好吧,俺们承认,这小母螳螂有点“定江山”的味道,主要是跟她睡过的男人都太霸道。
不见了一个月,不见了一个月啊!江山足以打屁上吊闹翻天!
那冲天的一家先不说,先说小秦。
当日子羞给他打的那通电话是她失踪前最后一次联络他,且,只响了一声儿。小秦当即就给她打了过去,这货儿当时多听舅舅的话,看见了也不接。好嘛,小秦就不停打不停打,就是因为这样,子臊一进藏就叫她卸了电池。好了,小秦最后打不通了。

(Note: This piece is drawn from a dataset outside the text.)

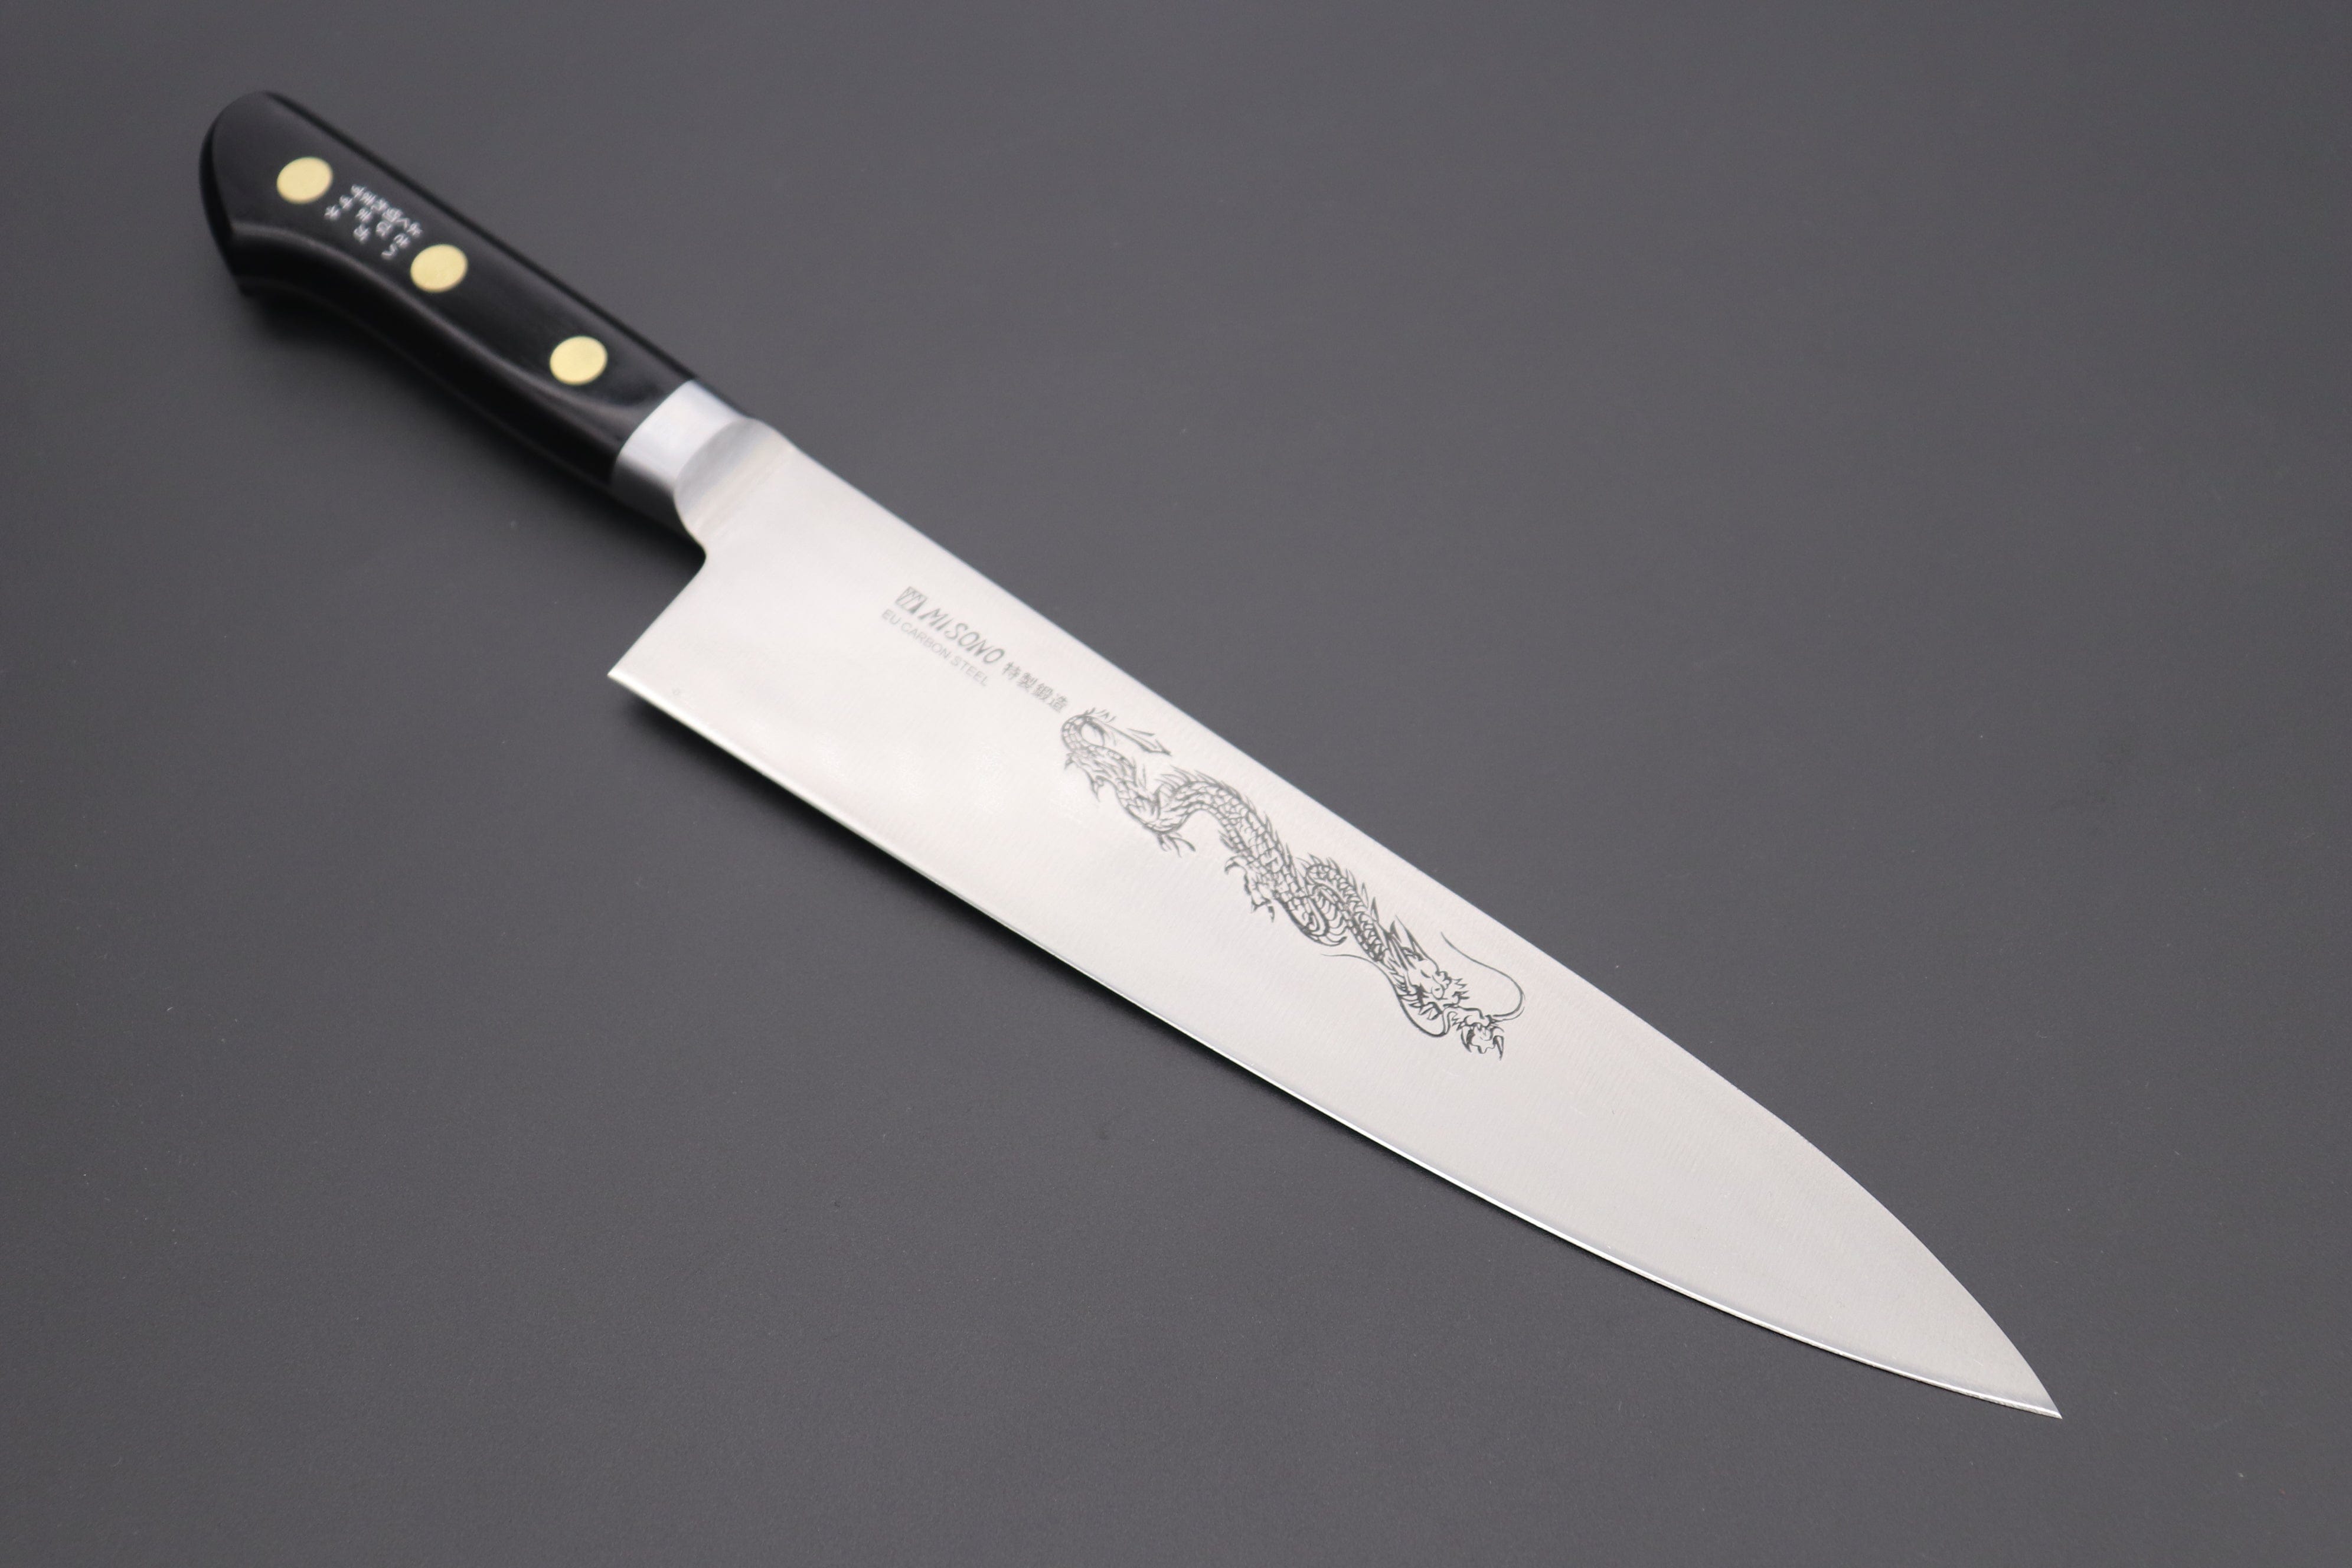  Commercial CHEF Knife Japanese 8 inch High Carbon

这是不同寻常的。你知道,在子羞与小秦的关系里,虽然他是她的个保姆,可通常子羞更黏他,就算有过响一声的情况,小秦漫不经心打过去,那头就是各种各样的吩咐,小秦有时候烦有时候好笑……却,这是第一次,不接,然后,打不通……
小秦一先还没往深处想,第二天接着打,打不通……小秦纳闷儿上了,给北京老同事去了个电话,不经意谈及子羞,同事说她请假回娘家了。这小秦就又在意料之中又有些奇怪,通常,她的“娘家”=她舅舅=麻烦,所以她打来电话,想得到吧。可是,她找着解决办法了所以不找他了?好吧,你找着了不麻烦我更好,可总得回个话吧。小秦自己都觉着贱,就一声电话铃,搞得几天心神不宁!
三天,四天,打不通,小秦甚至有些气上了,好吧,你他妈再有事求老子,看谁理你!咳,话是这么骂着,与此同时,手上还在按键打电话……

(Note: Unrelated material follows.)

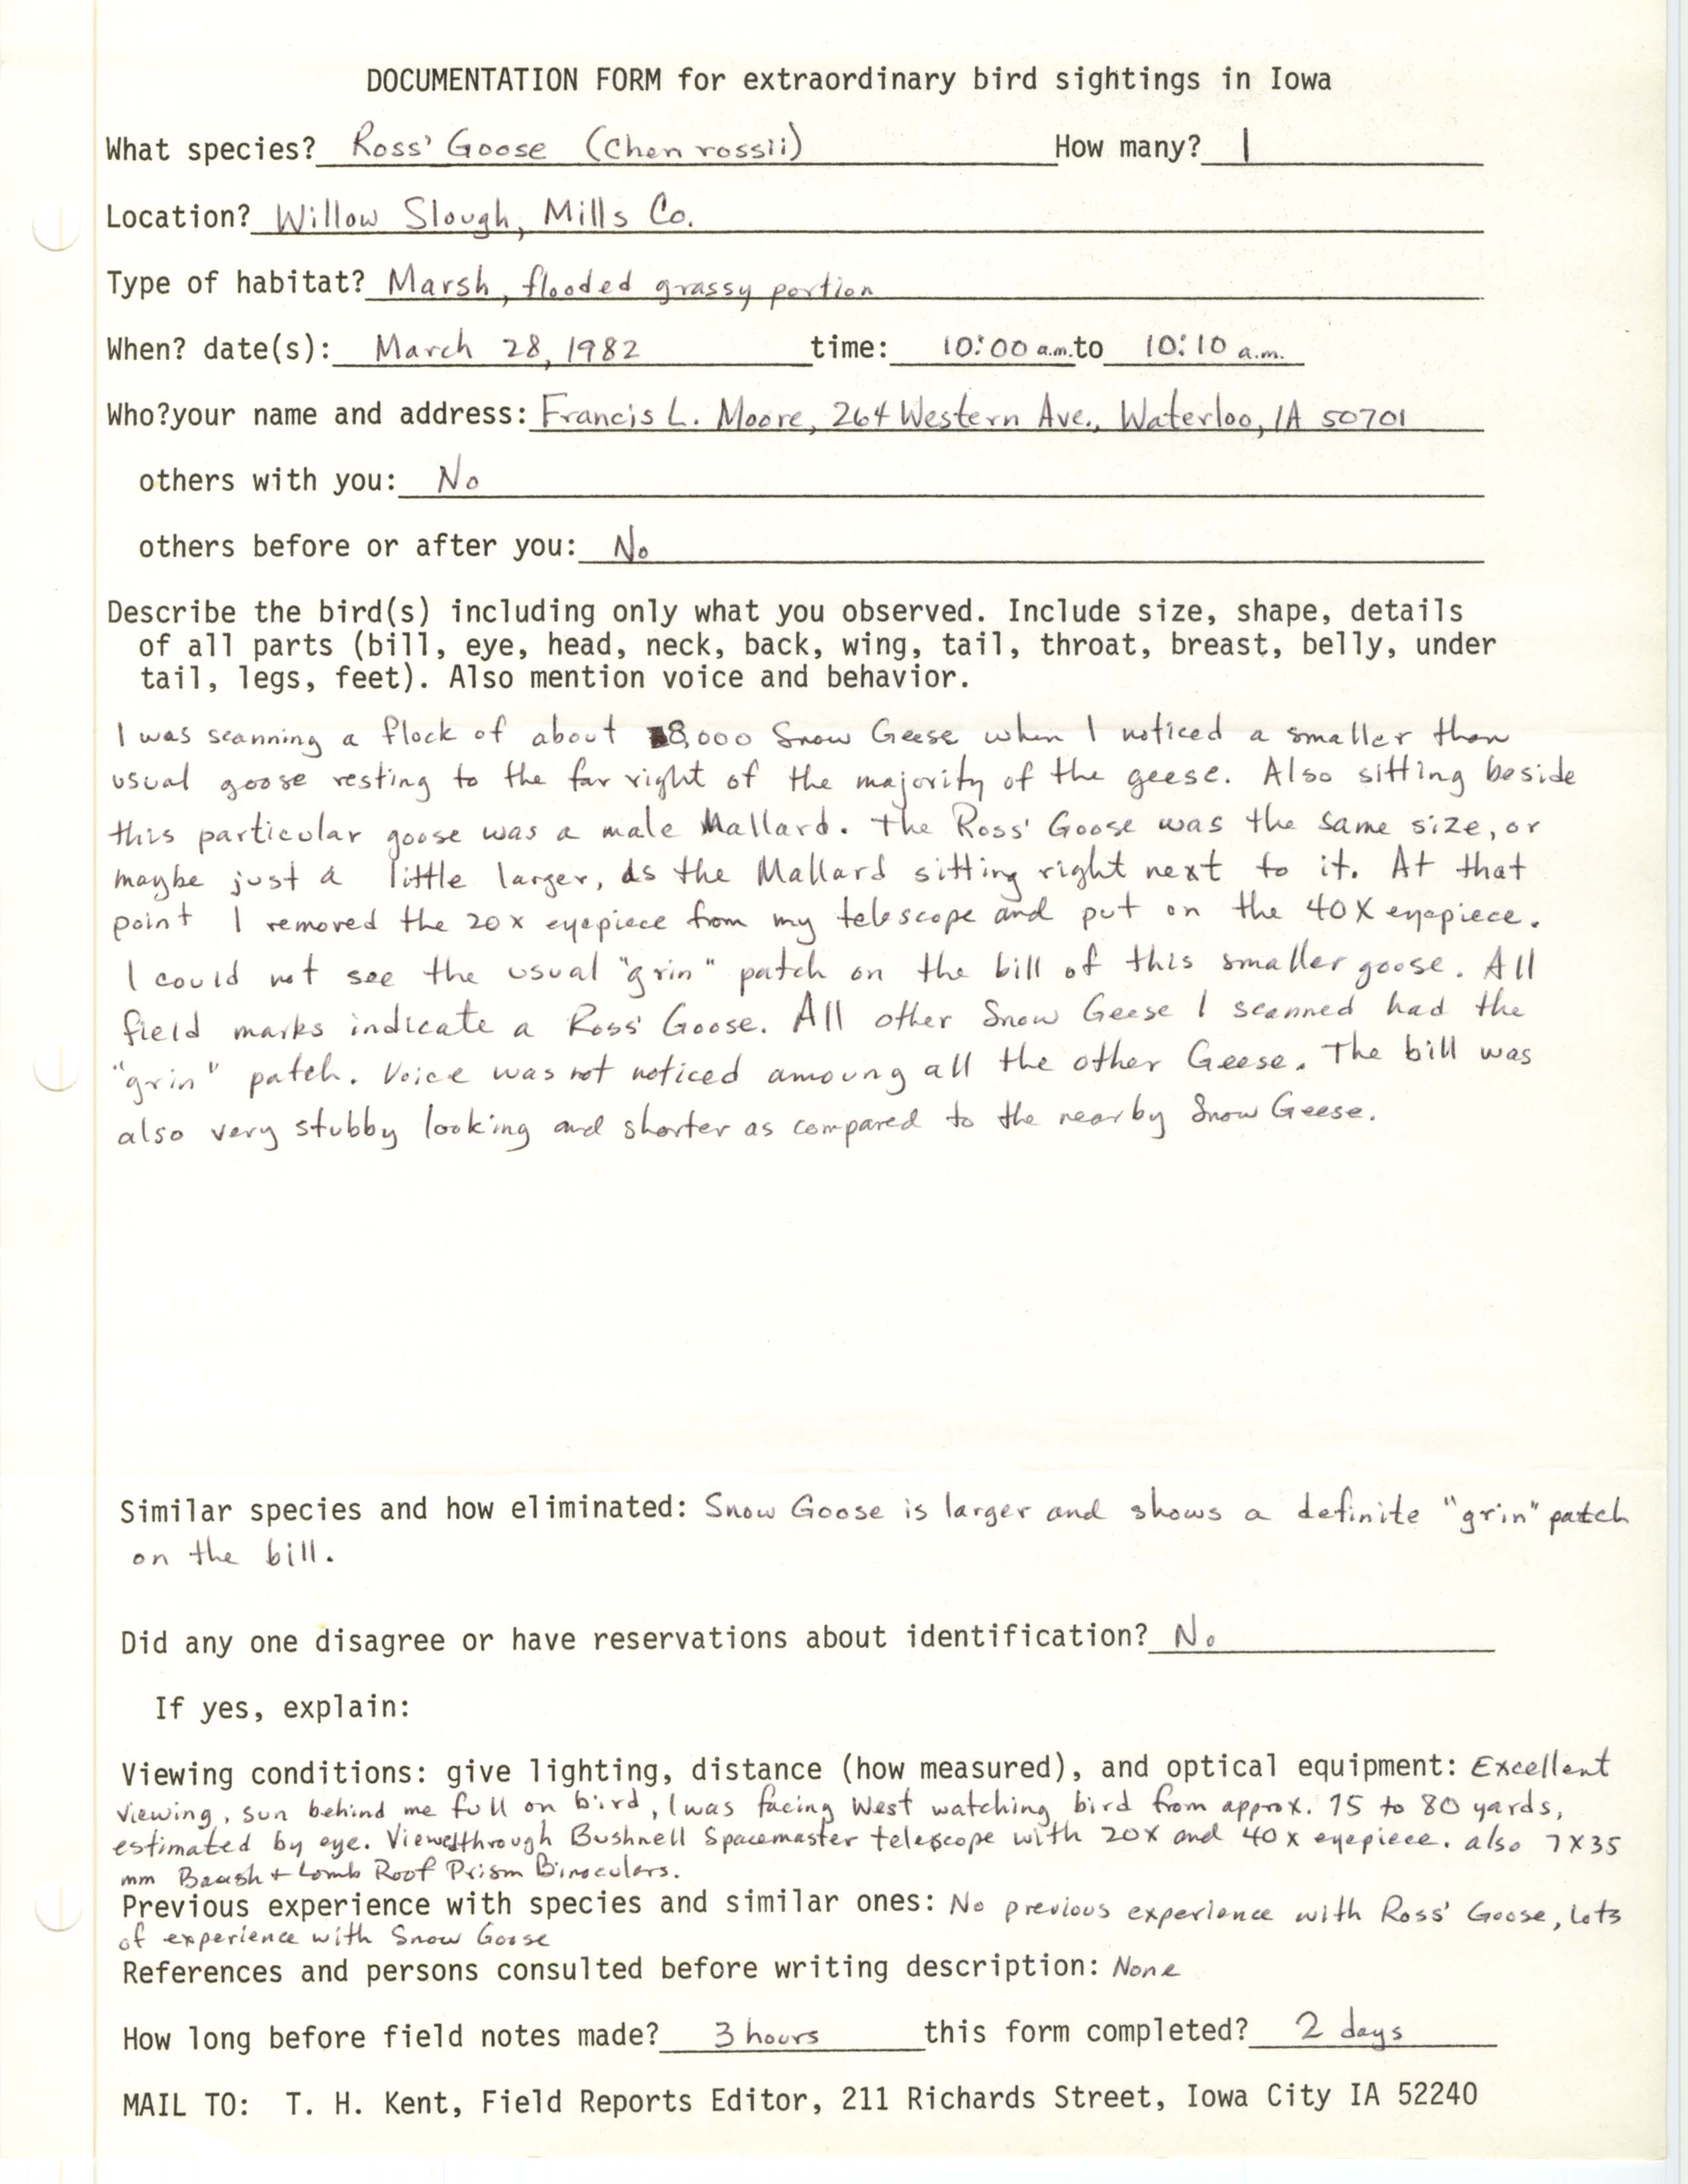 Rare bird documentation form for Ross' Goose at Willow Slough, 1982

正烦着,作训处的杨处出来走廊见小秦边抽着烟边蹙着眉头按手机键,上去拍了拍他的肩头,
“小秦老弟,美女都在身边绕着,烦个什么,”跟他开玩笑,
小秦应酬地笑,“什么美女……”
这个杨炼是个豪爽之人,小秦也不排斥跟他交情就是,他平常说话是随意些,也不介意。小秦丢给他一支烟,他点上,
“你说你咋非要个脸上有酒窝的呢,有些小女子长得可带劲儿,没那窝儿就看不上了?就你家忠仆摆酒那天,你是没去,酒店楼梯口就能遇见一个。白嫩嫩的,小嘴儿红通儿的,水灵,喊着‘舅舅’就出去了,跟咱们撞个正着儿,老云还看了老久……”
小秦都怔住了!
“哪天?”
杨炼敛颜,看出来他脸色都变了,
“就你家在**摆酒那天啊,诶,小秦!”小秦已经跑了出去!
那天纯属一些马屁精胡闹,可都是些外婆的世交,事儿你阻不下来,人可以不去撒。那天小秦根本就没去那酒店!

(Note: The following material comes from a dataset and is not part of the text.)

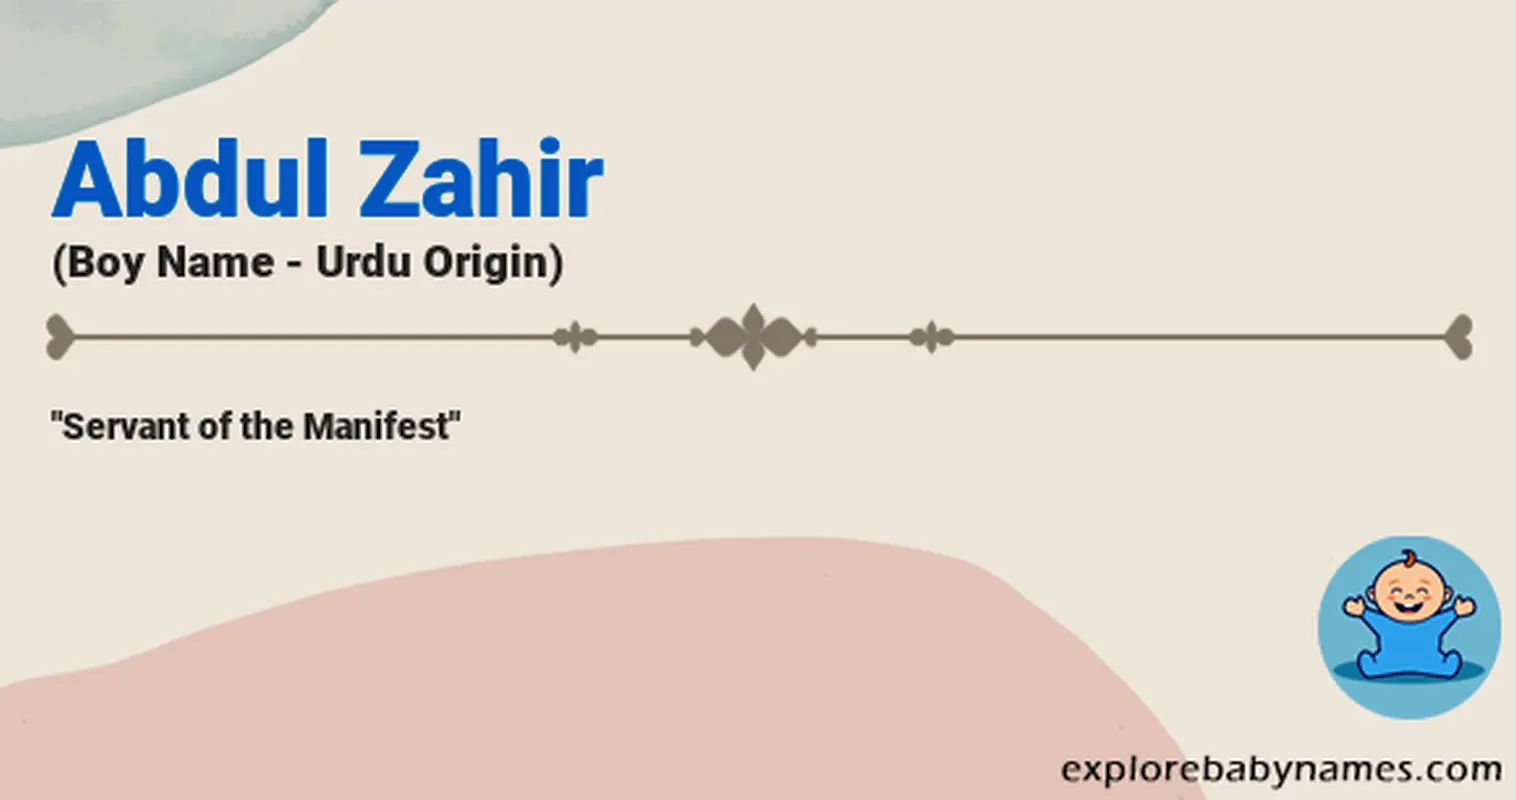 Meaning of Abdul Zahir

却,这一听杨炼说,碰着的准子羞无疑!这娘们儿是烧过一个窑子的……
小秦当即跑去那酒店,
查,酒店翻过来查!当日摄像头调出来查!当天所有当班的服务员各个出来指认着查!
果然子羞,子羞是多么着慌地跑出去……小秦的心都揪起来了!
查出来是二楼某某包房,
又查到老杨干部头上,
接着,查到南京军区总医院,
当拿到子羞匆匆离开连带都没来得及带走的病例……小秦,眼睛都抠红了。
☆、134
她在医院躺了四天!
她怎么会在南京的医院躺四天!!
她一先入院就是深度昏迷,其间还咳嗽出血,虽然检查一样没有大碍,可,怎么又吐了血!
子羞找过他,……只一声儿,怎么又挂了电话,……她害怕什么,她跑的那样惊惶……
这些都像刀子一样扎进小秦的心,一刻不得安宁,那时望见酒柜卷着火舌向她盖下来的撕心裂肺又席卷而来,……小秦最难受,她找过他,在据传是他选妻的现场,只响了一声儿,她挂断了电话,她不见了……小秦又气又,伤心,这次,是真的摸着心都疼,上次她哭着喊“你不出来咩你不出来咩”,这次,你都不给我出来的机会了……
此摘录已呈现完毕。